Gender dysphoria has no bearing on a person’s sexuality. Just like anyone else, a person with gender dysphoria may be heterosexual, homosexual, or bisexual.
The condition is also sometimes known as:
- gender identity disorder
- gender incongruence
Some people with gender dysphoria have a strong and persistent desire to live according to their gender identity, rather than their biological sex. Some of these transgender individuals undergo treatment so that their physical appearance is more consistent with their gender identity.
How is it caused?
The causes of gender dysphoria are not fully understood. It was traditionally thought to be a psychiatric condition, which meant that its causes were believed to originate in the mind. This does not mean that gender dysphoria is a mental illness.
However, recent studies have suggested that gender dysphoria may have biological causes associated with the development of gender identity before birth. More research is needed before the causes of gender dysphoria can be fully understood.
Typical gender development
Much of the development that determines your gender identity – that is, the gender that you feel yourself to be – happens in the womb (uterus).
Your biological sex is determined by chromosomes. Chromosomes are the parts of a cell that contain genes (units of genetic material that determine your characteristics). You have two sex chromosomes: one from your mother and one from your father.
During early pregnancy, all unborn babies are female because only the female sex chromosome (the X chromosome), that is inherited from the mother, is active. At the eighth week of gestation, the sex chromosome that is inherited from the father becomes active, this can be either an X chromosome (female) or a Y chromosome (male).
If the sex chromosome that is inherited from the father is X, the unborn baby (foetus) will continue to develop as female with a surge of female hormones. The female hormones work in harmony on the brain, gonads (sex organs), genitals and reproductive organs, so that the sex and gender are both female.
If the sex chromosome that is inherited from the father is Y, the foetus will go on to develop as biologically male. The Y chromosome causes a surge of testosterone and other male hormones, which initiates the development of male characteristics, such as testes. The testosterone and other hormones work in harmony on the brain, gonads (sex organs) and genitals, so that the sex and gender are both male.
Therefore, in most cases, a female baby has XX chromosomes and a male baby has XY chromosomes.
Changes to gender development
Gender development is complex and there are many possible variations that can cause feelings of a mismatch between a person’s biological sex and their gender identity.
In rare cases, the hormones that trigger the development of sex and gender may not work properly on the brain, gonads and genitals, causing variations between them. For example, the biological sex (as determined physically by the gonads and genitals) could be male, while the gender identity (as determined by the brain) could be female.
This could be caused by additional hormones in the mother’s system, or by the foetus’s insensitivity to the hormones, known as androgen insensitivity syndrome (AIS).
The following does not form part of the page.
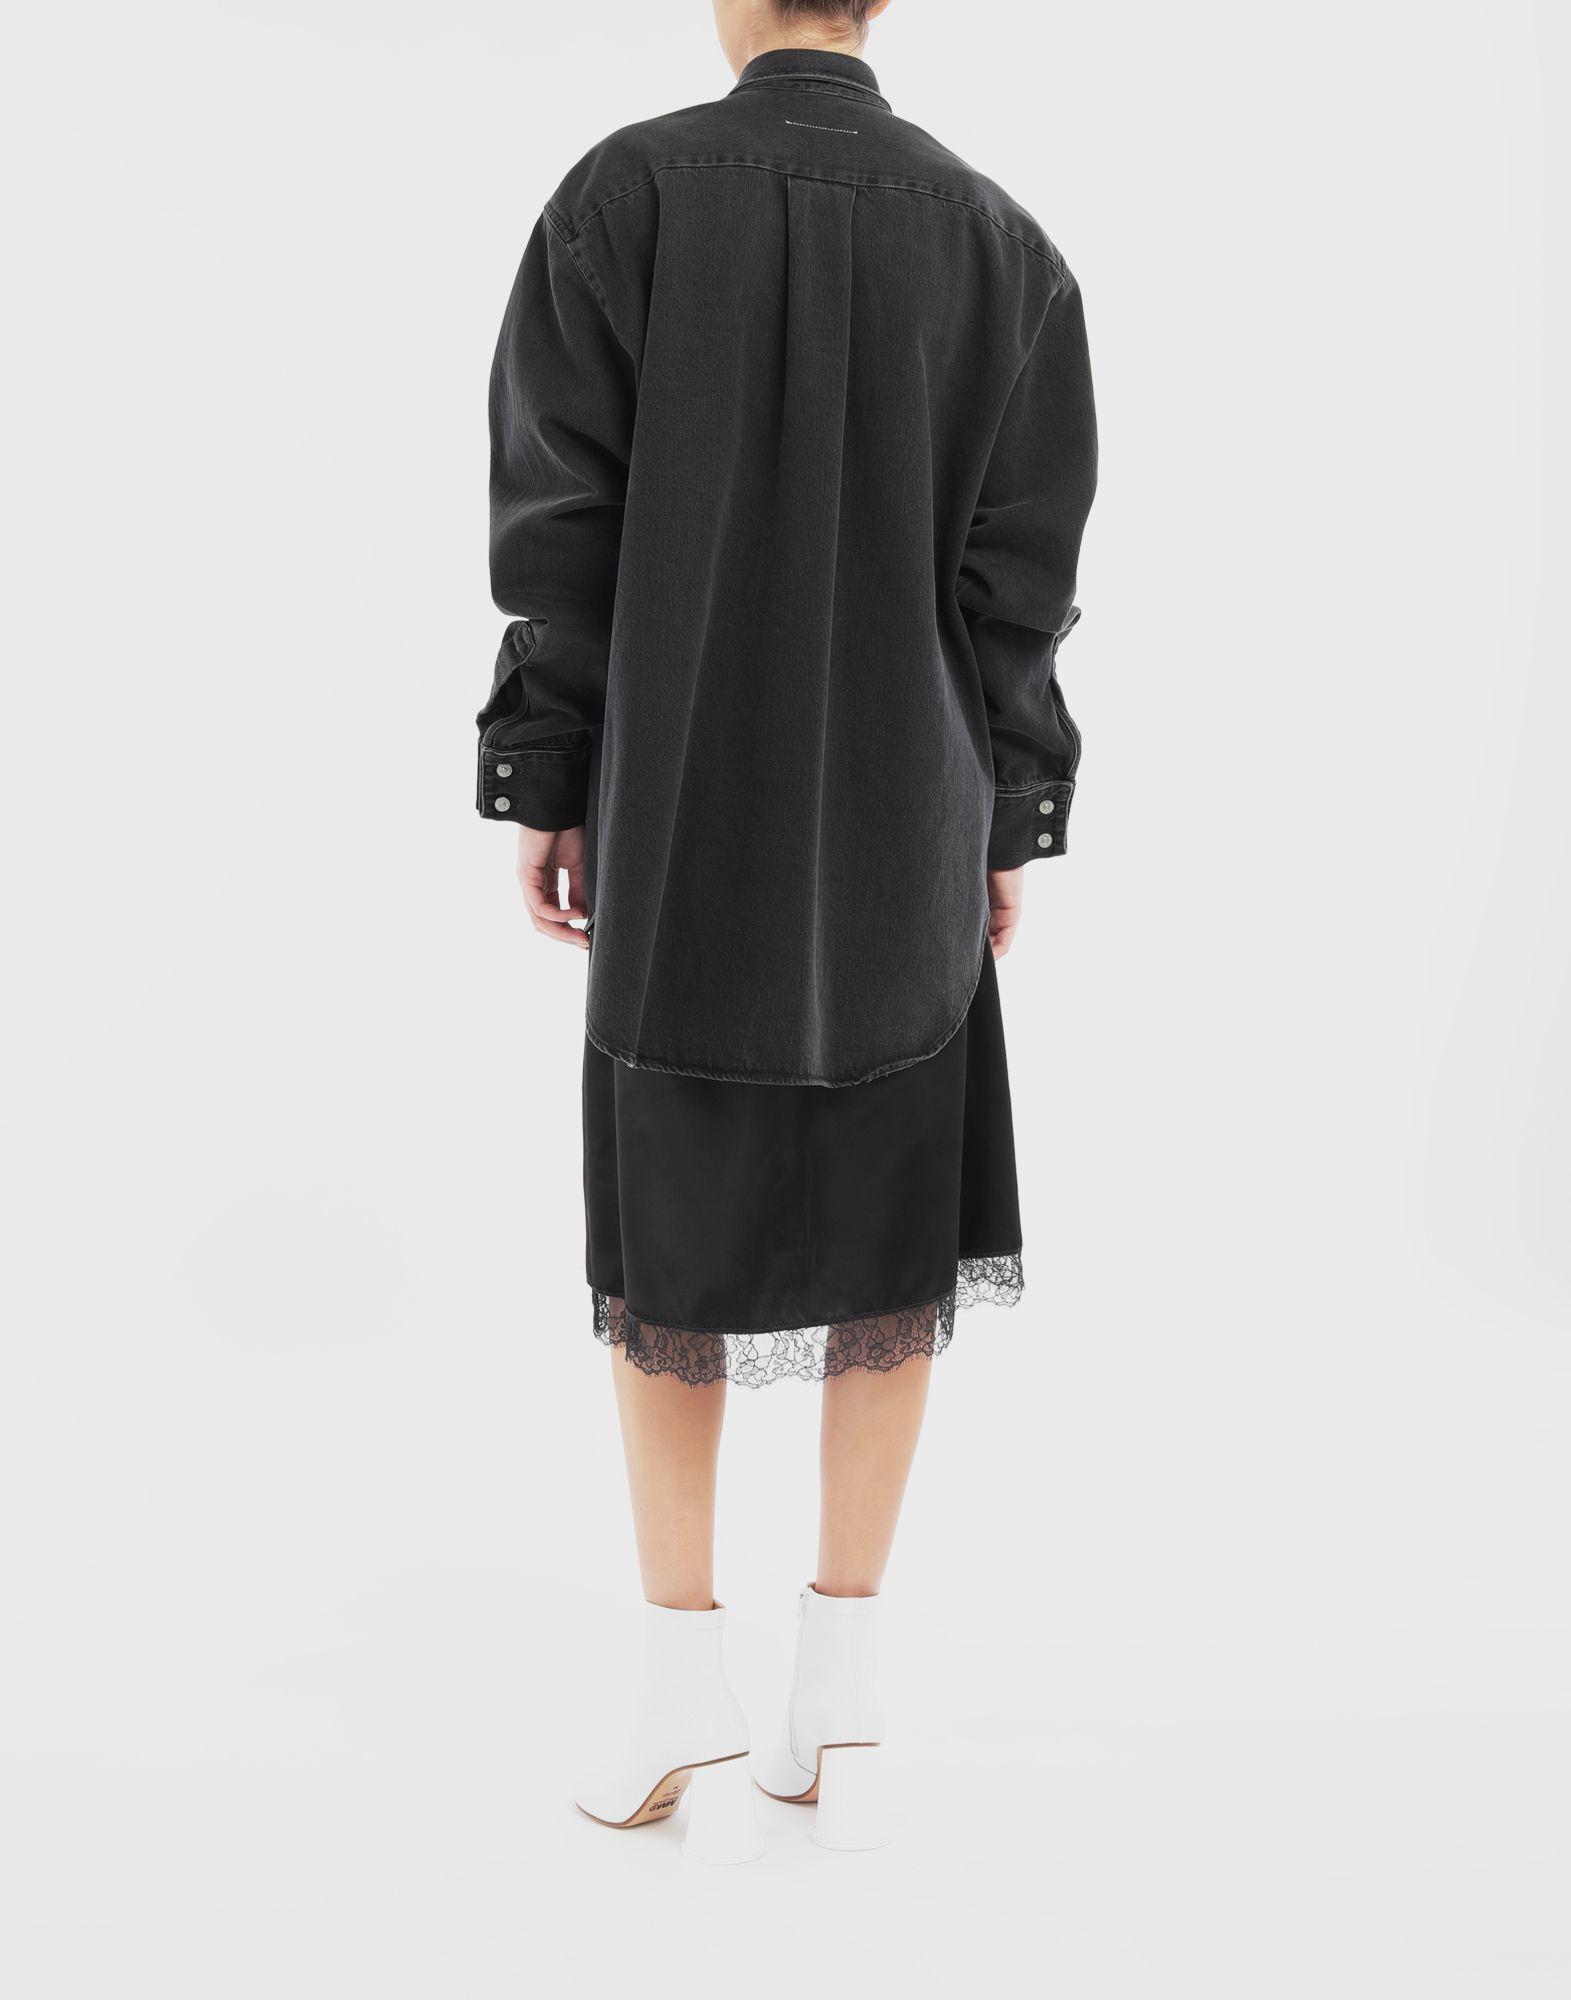 MM6 MAISON MARGIELA Multi-wear spliced shirt-dress Dress Woman e

In this way, gender dysphoria may be caused by hormones not working properly within the womb.
Other rare conditions
Other rare conditions, such as congenital adrenal hyperplasia (CAH), and intersex conditions (also known as hermaphroditism) may also result in gender dysphoria.
In CAH, the adrenal glands (two small, triangular-shaped glands located above the kidneys) in a female foetus cause a high level of male hormones to be produced. This enlarges the female genitals. In some cases, they may be so enlarged that the baby is thought to be biologically male when she is born.
Intersex conditions cause babies to be born with the genitalia of both sexes (or ambiguous genitalia). In such cases, it used to be recommended that the child’s parents should choose which gender to bring up their child as. However, it is now thought to be better to wait until the child can choose their own gender identity before any surgery is carried out to confirm it.
Early symptoms of Gender Dysphoria
There are no physical symptoms of gender dysphoria, but there are a range of feelings that people with the condition may experience, and behaviours that they may display.
The symptoms of gender dysphoria can appear at a very young age. For example, a child may refuse to wear typical boys’ or girls’ clothes, or dislike taking part in typical boys’ or girls’ games and activities. In most cases, this type of behaviour is just a normal part of growing up, but in cases of gender dysphoria, it persists into later childhood and through to adulthood.
Adults with gender dysphoria can feel trapped inside a body that does not match their gender identity. This can cause feelings of discomfort and anxiety. They may also feel so unhappy about social expectations that they live according to their anatomical sex, rather than according to the gender that they feel themselves to be. They may experience a strong desire to change, or get rid of, physical signs of their biological sex, such as facial hair or breasts.
How common is gender dysphoria?
It is estimated that 1 in 11,500 people experience gender dysphoria. However, there may be many people with the condition who do not seek help. On average, men are diagnosed with gender dysphoria five times more than women.
While gender dysphoria is rare, the number of people being diagnosed with it is increasing due to growing public awareness about the condition.
However, many people with gender dysphoria still face prejudice and misunderstanding about their condition.
Diagnosis of gender dysphoria
If you think you have gender dysphoria, see your GP. Your GP may refer you to a gender dysphoria clinic, which can offer you a personalised assessment.
Treatment for gender dysphoria
Treatment for gender dysphoria aims to help people remove the feeling of a mismatch between their biological sex and their gender identity. This can mean different things for different people. For example, for some people it can mean dressing and living as their preferred gender. For others, it can mean taking hormones or having surgery to change their physical appearance. Many transgender people seek to have treatment to permanently change their bodies, so that they are more consistent with their gender identities.
Info derived from NHS Choices.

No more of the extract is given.